DATA EXTRACT START
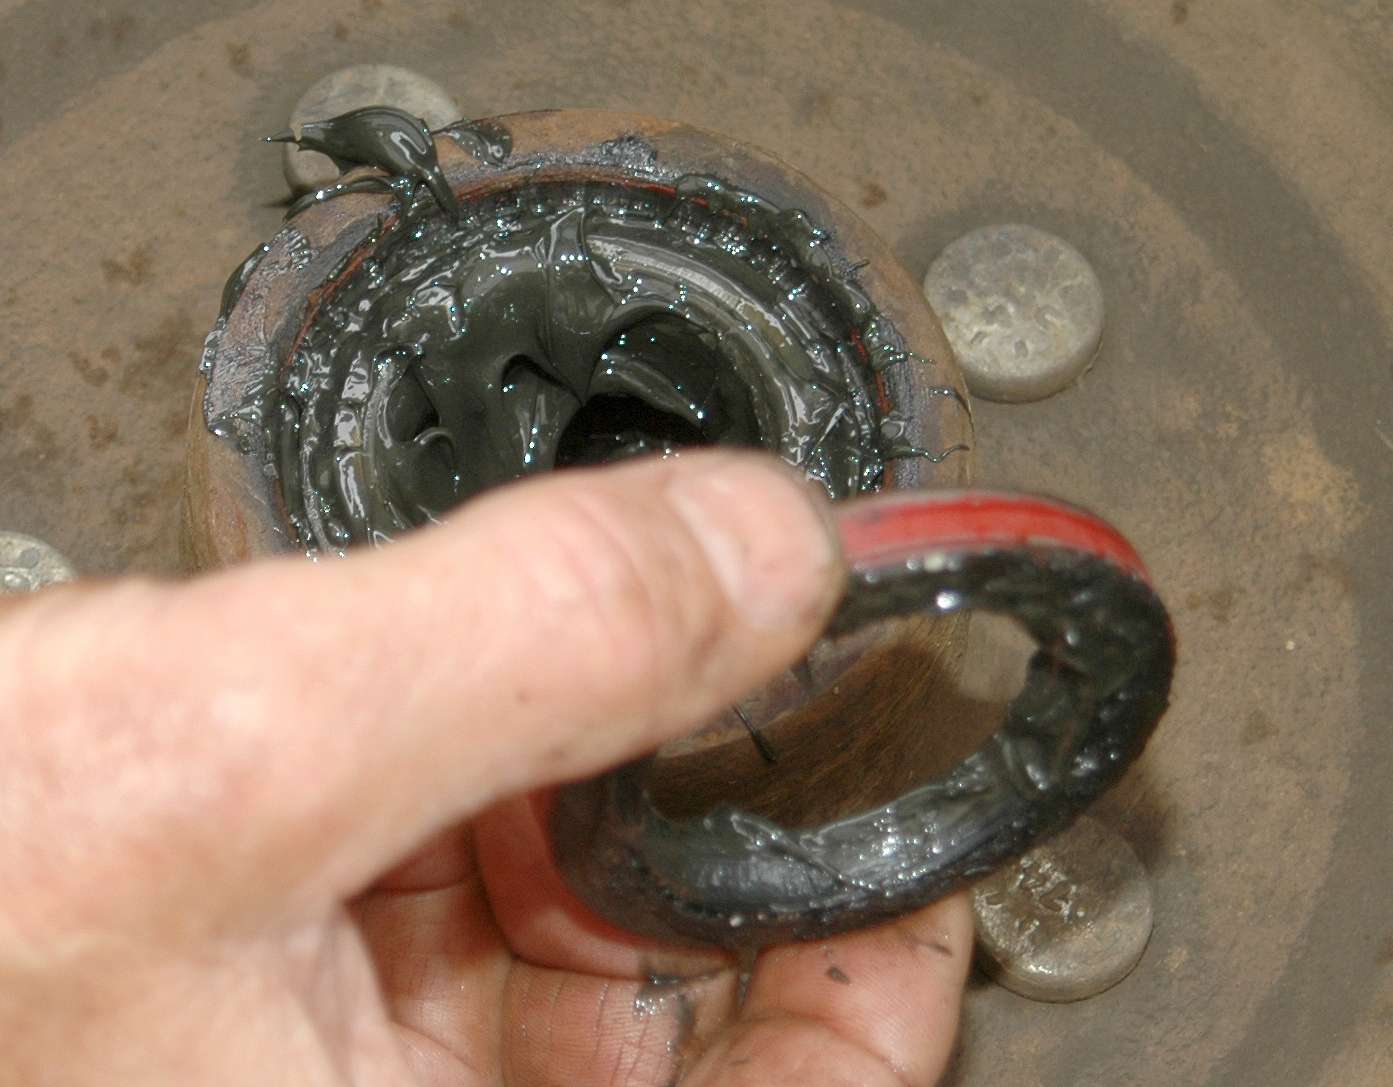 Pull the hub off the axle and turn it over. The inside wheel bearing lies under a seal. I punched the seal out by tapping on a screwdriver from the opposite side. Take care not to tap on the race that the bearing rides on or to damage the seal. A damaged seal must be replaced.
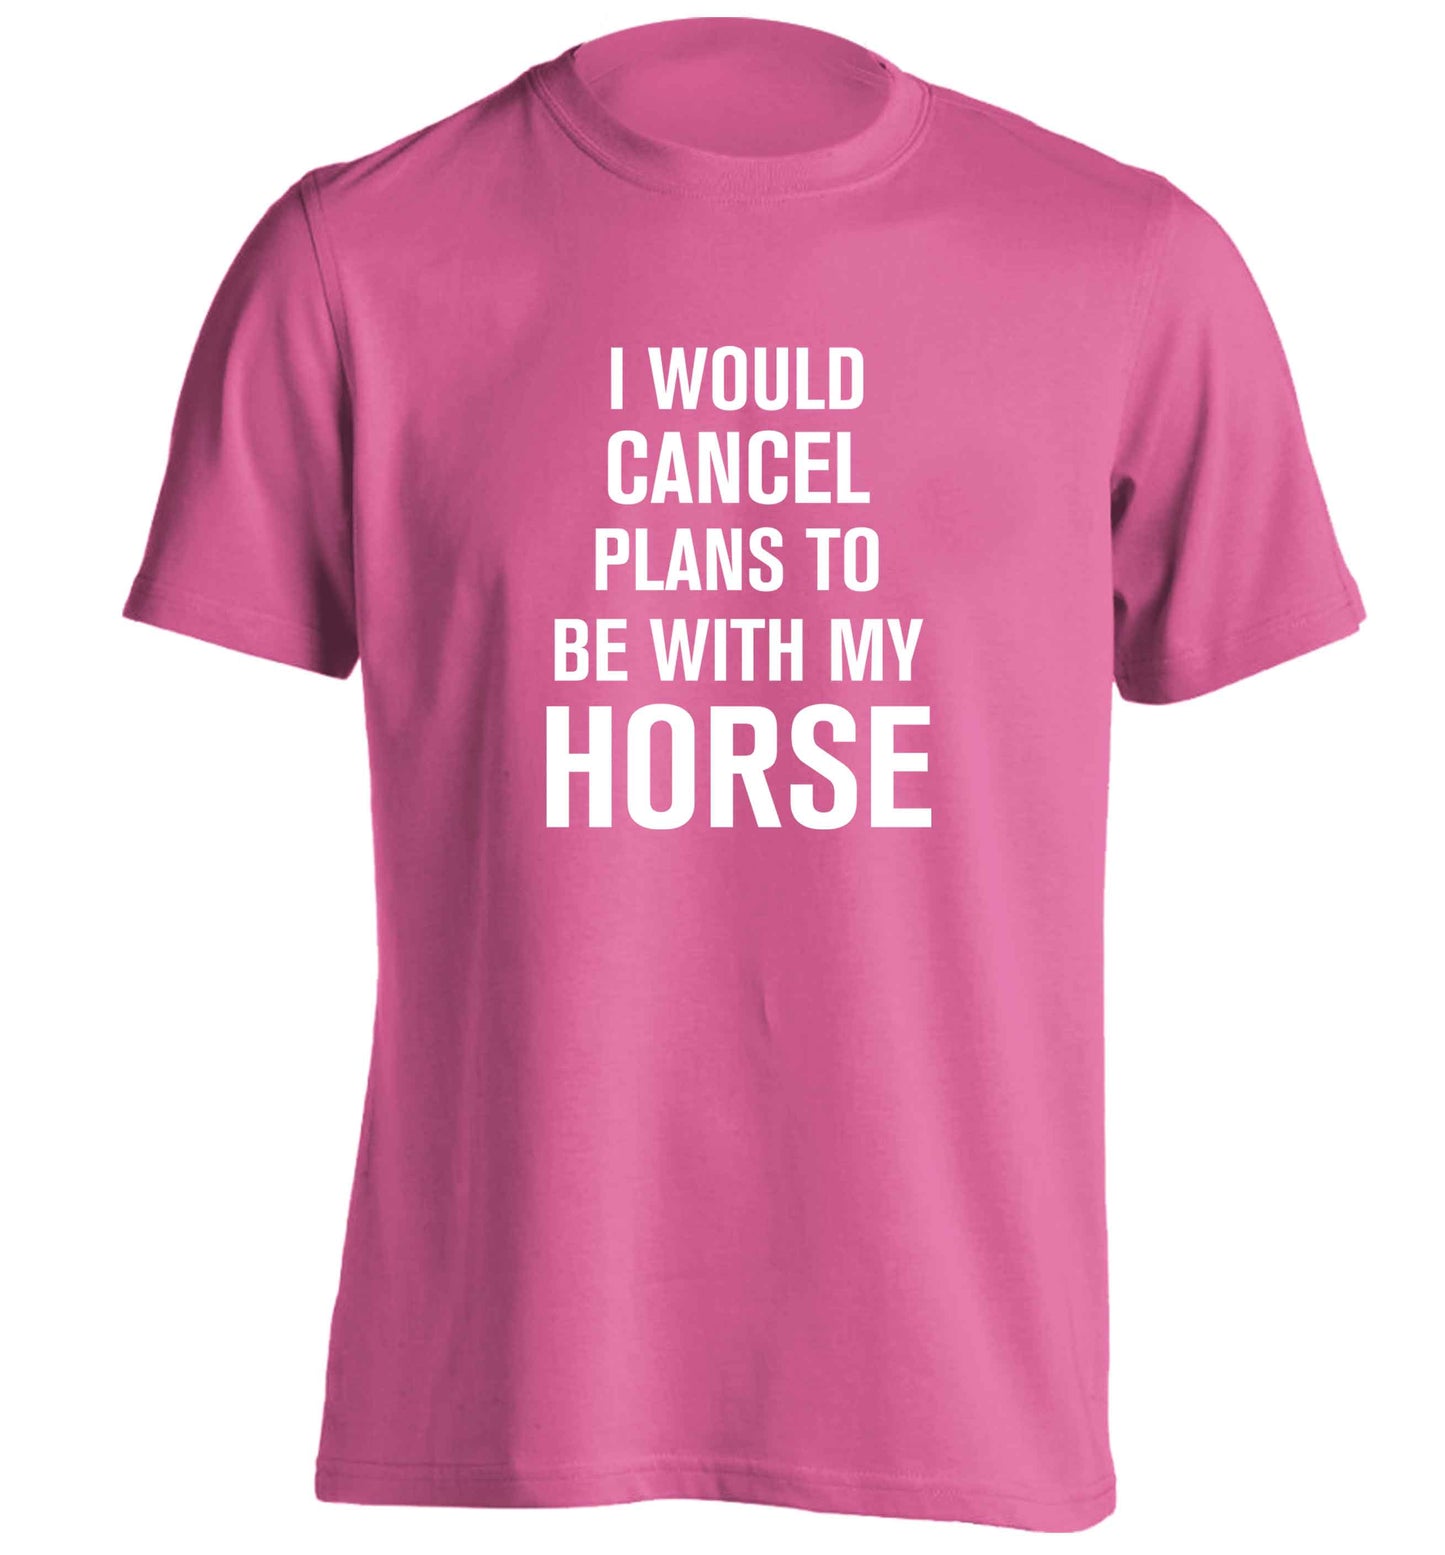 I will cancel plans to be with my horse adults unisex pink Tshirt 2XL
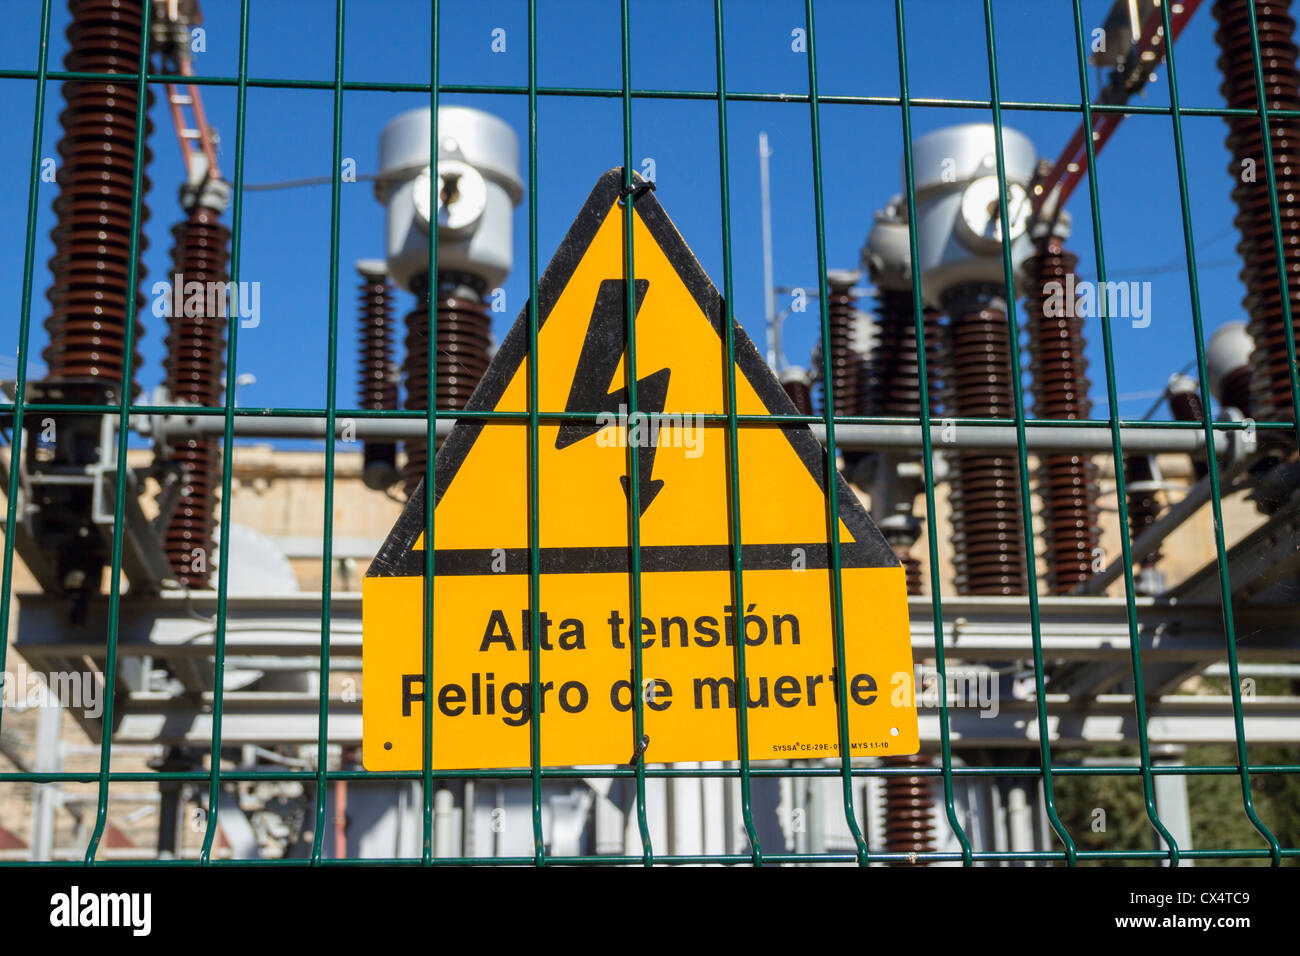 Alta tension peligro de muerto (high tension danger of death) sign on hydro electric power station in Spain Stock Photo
DATA EXTRACT END
- _ACTIVITY_: Print the material above once more, exactly, minus the pictures.

- _RESPONSE_:
 Pull the hub off the axle and turn it over. The inside wheel bearing lies under a seal. I punched the seal out by tapping on a screwdriver from the opposite side. Take care not to tap on the race that the bearing rides on or to damage the seal. A damaged seal must be replaced.
 I will cancel plans to be with my horse adults unisex pink Tshirt 2XL
 Alta tension peligro de muerto (high tension danger of death) sign on hydro electric power station in Spain Stock Photo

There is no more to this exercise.